String identity template tag

T.J. Crowder tj.crowder at farsightsoftware.com
Fri Dec 14 09:13:36 UTC 2018


On Thu, Dec 13, 2018 at 7:00 PM Mark Miller
<erights at gmail.com> wrote:
> As for the optional mapping function, there's nothing about that
> which is more relevant to cooked base strings than to raw base
> strings. We should be able to apply mapping functions to either,
> as well as to other base tags, in a similar way. This suggests
> tag combinators...

Probably as a separate thing? Since `cook`/`cooked`/`interpolate` isn't
primarily a tag function.

> As a completely separate point, this way of escaping html is not
> context sensitive, and likely horribly unsafe.

It was just a throwaway for the example, for the specific context of using
the string within the body of a tag (not in attribute text, etc.). Correct
me if I'm wrong, but for that context, I believe it's sufficient.

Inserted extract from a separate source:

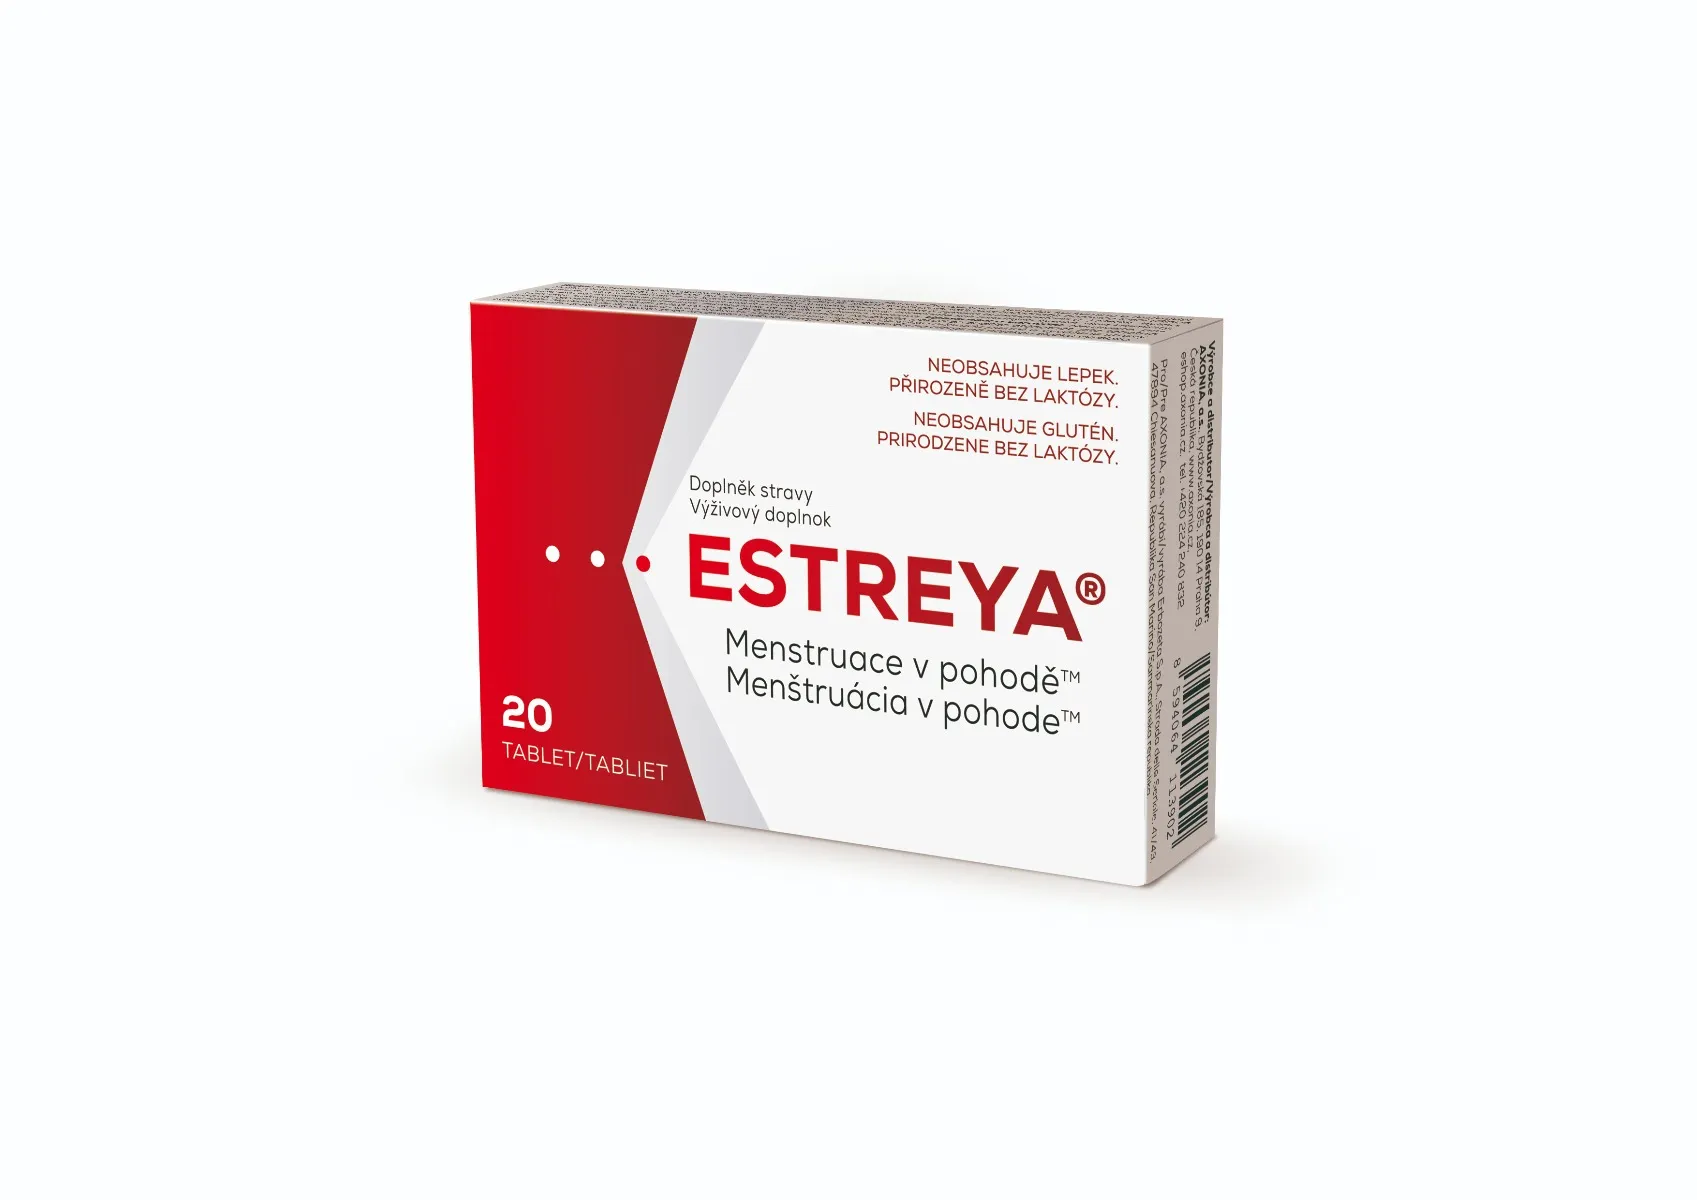 Estreya Menstruace v pohodě
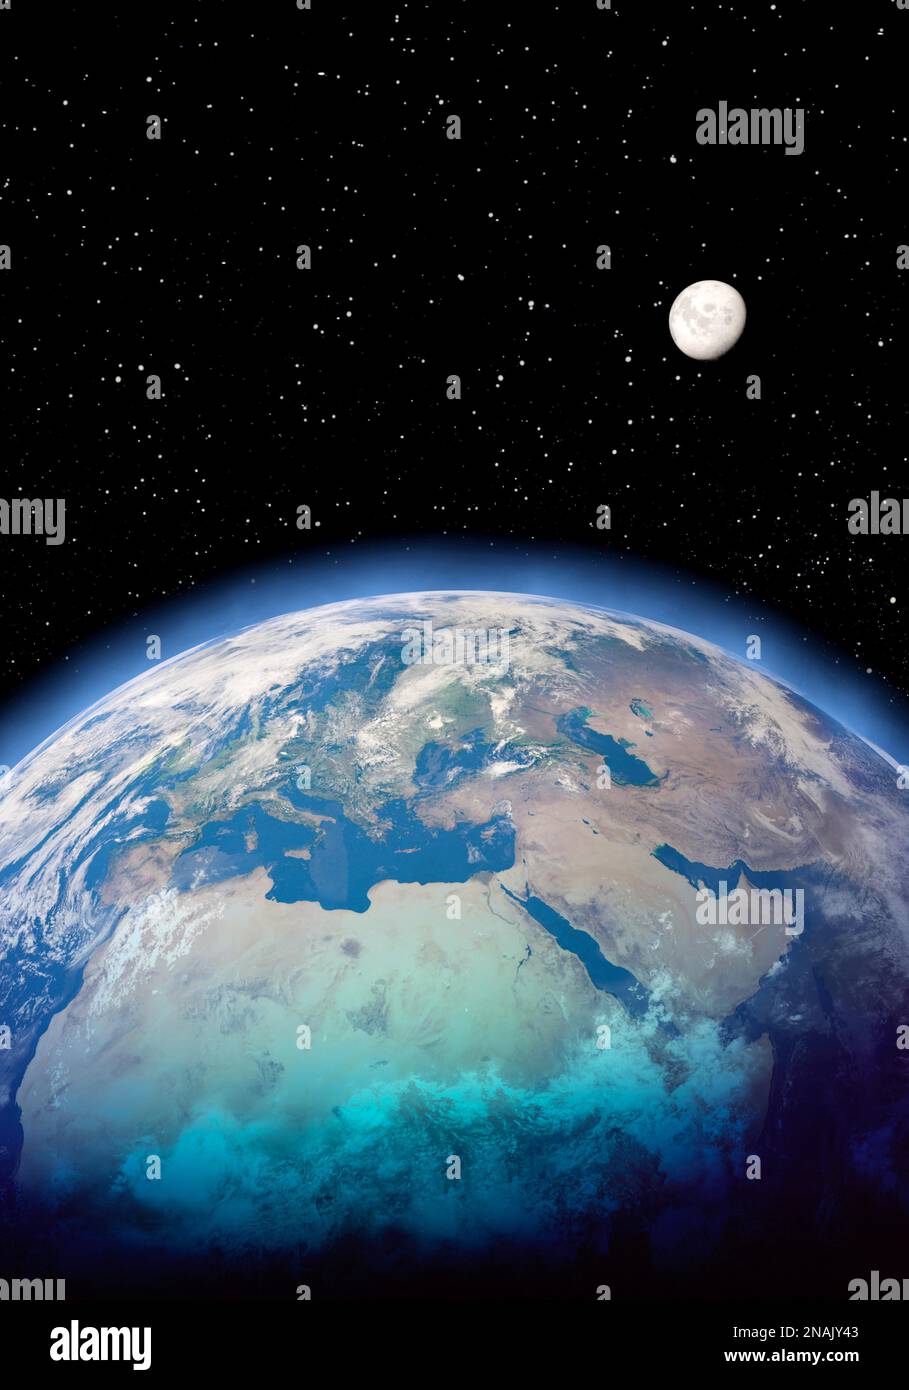 Erde, Mond und Weltraum im Porträtformat Stockfoto

> In this case, if we choose a name like "cook" or "cooked" in order
> to make the analogy with String.raw, then it should have the same
> API surface as String.raw.

Sadly, yes. I say "sadly" because I quite liked `cook` (or `cooked`), but
only for frivolous reasons. :-)

+1 for Allen's `String.interpolate`. Something along these lines, accepting
array-likes rather than iterables (though that's a discussion to have):

```js
const toLength = n => {
    n = Math.min(+n || 0, Number.MAX_SAFE_INTEGER);
    return n < 0 ? Math.ceil(n) : Math.floor(n);
};
Object.defineProperty(String, "interpolate", {
    value(strings, subs = [], mapFn) {
        const strslen = toLength(strings.length);
        if (strslen <= 0) {
            return "";
        }
        const subslen = toLength(subs.length);
        let s = "";
        let index = 0;
        while (true) {
            const subIndex = index;
            s += strings[index++];
            if (index == strslen) {
                return s;
            }
            if (subIndex < subslen) {
                const sub = subs[subIndex];
                s += mapFn ? mapFn(sub) : sub;
            }
        }
    },
    configurable: true,
    writable: true
});
```

Example: http://jsfiddle.net/tk9vyrw3/

Like `String.raw`, that ignores entries in `subs` at or after
`strings.length - 1`. (It's basically `String.raw`'s algorithm, and like
`raw`'s algorithm, it's un-optimized for clarity.) But that's also a
discussion to have, perhaps it should tack them on the end. It won't come
up in the simple use case of passing along the strings and subs in a tag
function (`subs` will always have one fewer entry than `strings`), but it's
slightly more general-purpose if it tacks them on the end.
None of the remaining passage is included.